96 Hours of Continual Kindness

April 10th, 2012

4-10-12bLast Thursday evening as The Kindness Bus sputtered and limped its way into Oro Valley, Arizona, I had no idea what laid in store for me from two new-found friends. With a long drive in front of me to Albuquerque in a little over a week, I voiced these concerns to Ann Jansen, my contact at Harelson Elementary. She replied to me that her husband Steve is a master mechanic. The Kindness Bus was to be in their drive for a few nights. After a day of programs at Harelson and a dinner with Steve, Ann and their granddaughter, Summer, Steve said, “let’s take a look at what is wrong with your bus tomorrow.” I have to admit that it was music to my ears.
Saturday was to be the day of repairs of what turned out to be a very leaky carburetor. Steve has a tool for everything which is important when you have a bus that is very unique. I heard from Steve that when he was 15 he was hired by an auto dealer when he was told if he could rebuild and install a carburetor on one of their customer’s cars that the job was his. Hearing this, I knew I was in good hands.
With a day of taking this large Holley four-barrel with every pollution control device under the sun attached to it, we cleaned each one individually and Steve started re-assembling. It was amazing to me that he knew where each part fit back together and in which order.
When you get a sealed, rebuild kit from an auto part store, you expect everything to be the correct replacement and the right count. This was not the case. After getting the carburetor reassembled and installed with all the vacuum lines connected, the moment of truth arrived about a half hour after the sun set behind the mountains. I fired up The Kindness Bus and it sounded like a NASCAR lead car on the final straightaway. The engine was running full throttle on its own, a wrong length part was inadvertently part of the rebuild kit.
Sunday morning was to be a quick one as all that it was going to take was to pull the carburetor and a few parts from its side and replace the wrong part. Steve did this with the precision of a pit crew mechanic.
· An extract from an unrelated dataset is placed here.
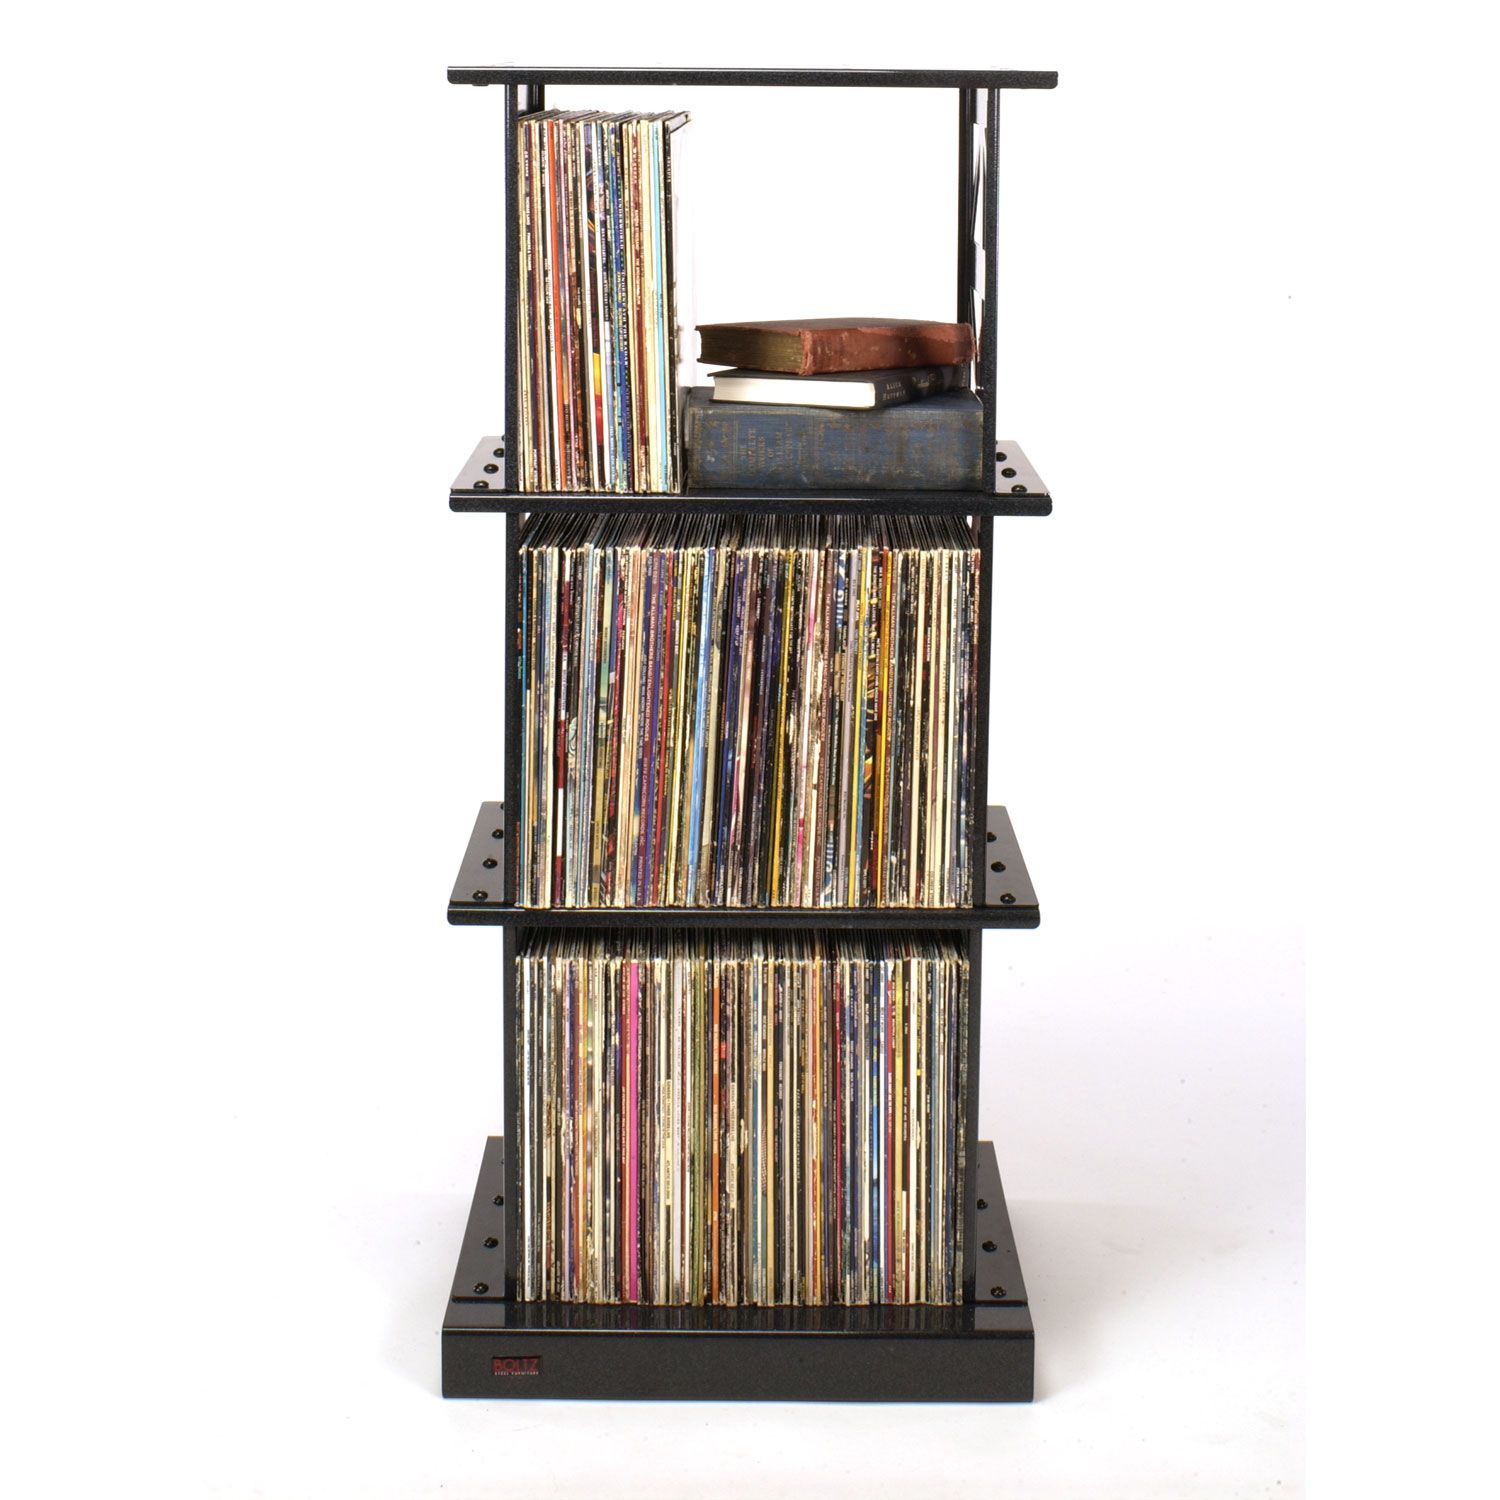 LP Album Storage - 3 Shelves, 270 LP Capacity

I took The Kindness Bus out for a drive and it sputtered every inch of the way. Pulling back into the driveway Steve knew that there was more wrong than just the original leaky carburetor. Steve put the engine through a series of tests and decided to replace the spark plugs after taking some temperatures of the manifold at each cylinder. Still the same result! It wasn’t until we pulled the distributor cap, which I told was not in need of replacing a month ago, did the problem get discovered.
When I asked Steve if the cap and rotor ¬†were the worst he had ever seen, he in his very polite manner dismissed the question. It wasn’t until we took them to the auto part store and the salesman made a comment that “this looks like something from the Ming Dynasty” that my suspicions were realized.
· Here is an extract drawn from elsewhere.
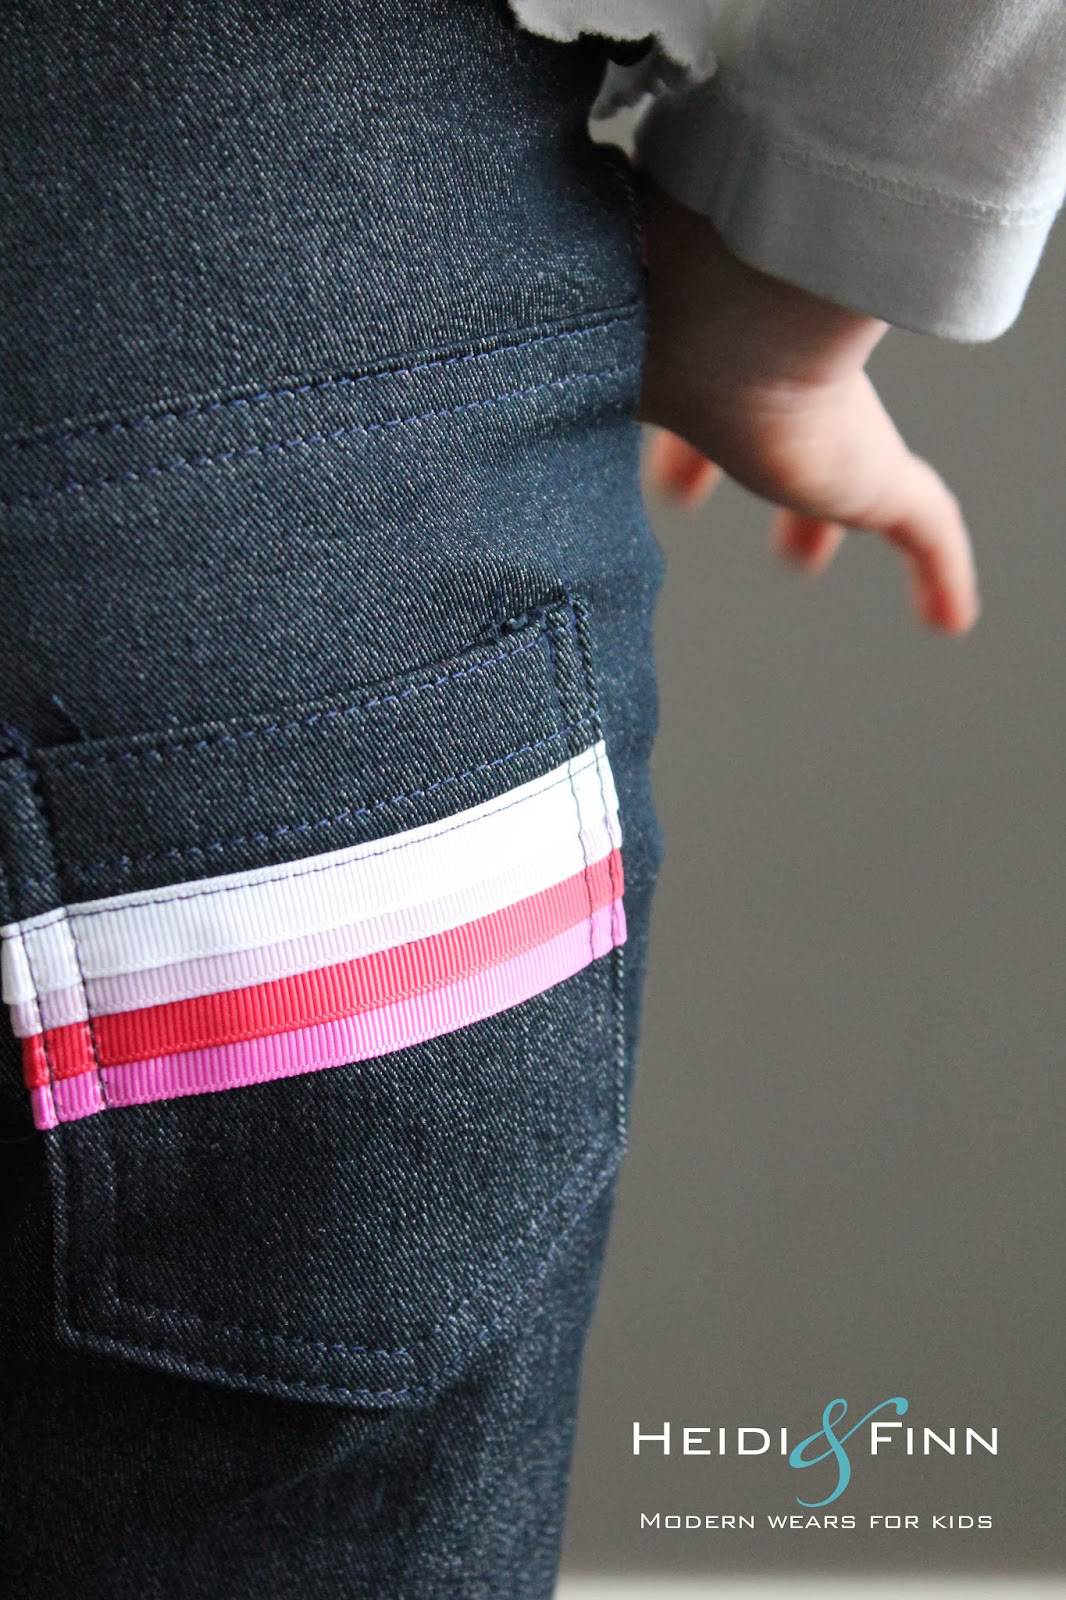 http://www.craftstorming.com/wp-content/uploads/2014/05/jeans-pocket.jpg
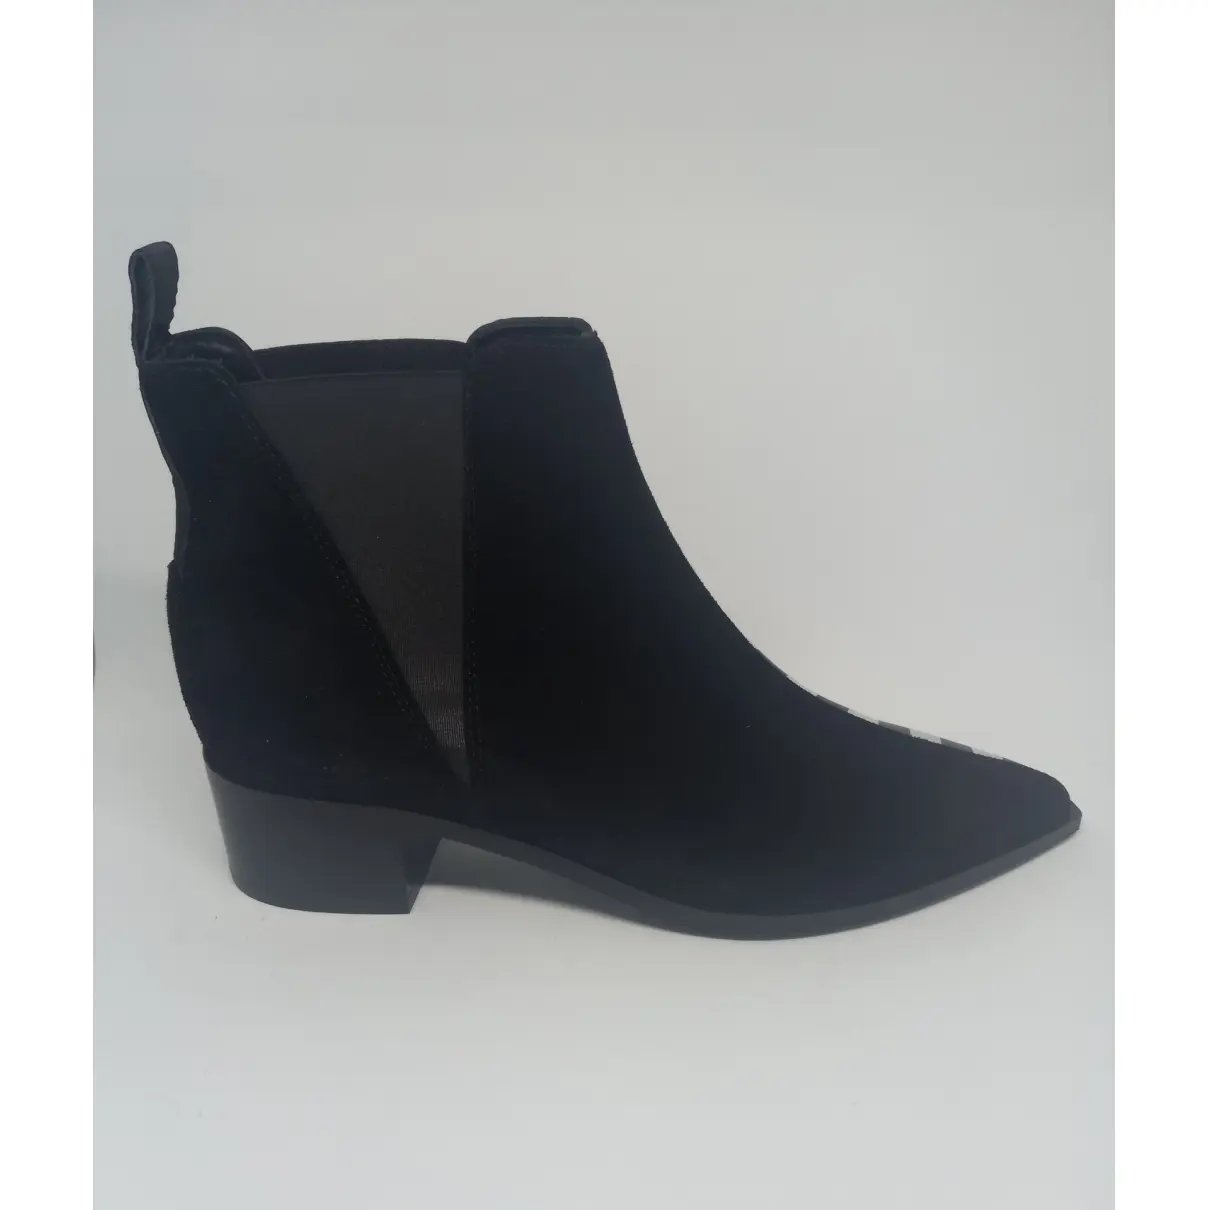 Buy Acne Studios Jensen / Jenny ankle boots online

A distributor cap and rotor are parts that are easily replaced and when I started the engine and heard the sound, I knew that these much needed repairs will give The Kindness Bus another couple of years of trouble-free performance.
One more thing needs to be said, Steve gave up an afternoon of time with his grown son to make sure my travels would be without concerns of breaking down on the side of the road.
With all of this said, and knowing the level of kindness that Steve and Ann showed and that this is how they are to everyone, I think I had better rename this blog, A Lifetime of Continual Kindness.
I told Steve at the end of these two very long days that, he saved me. Nothing could be more true.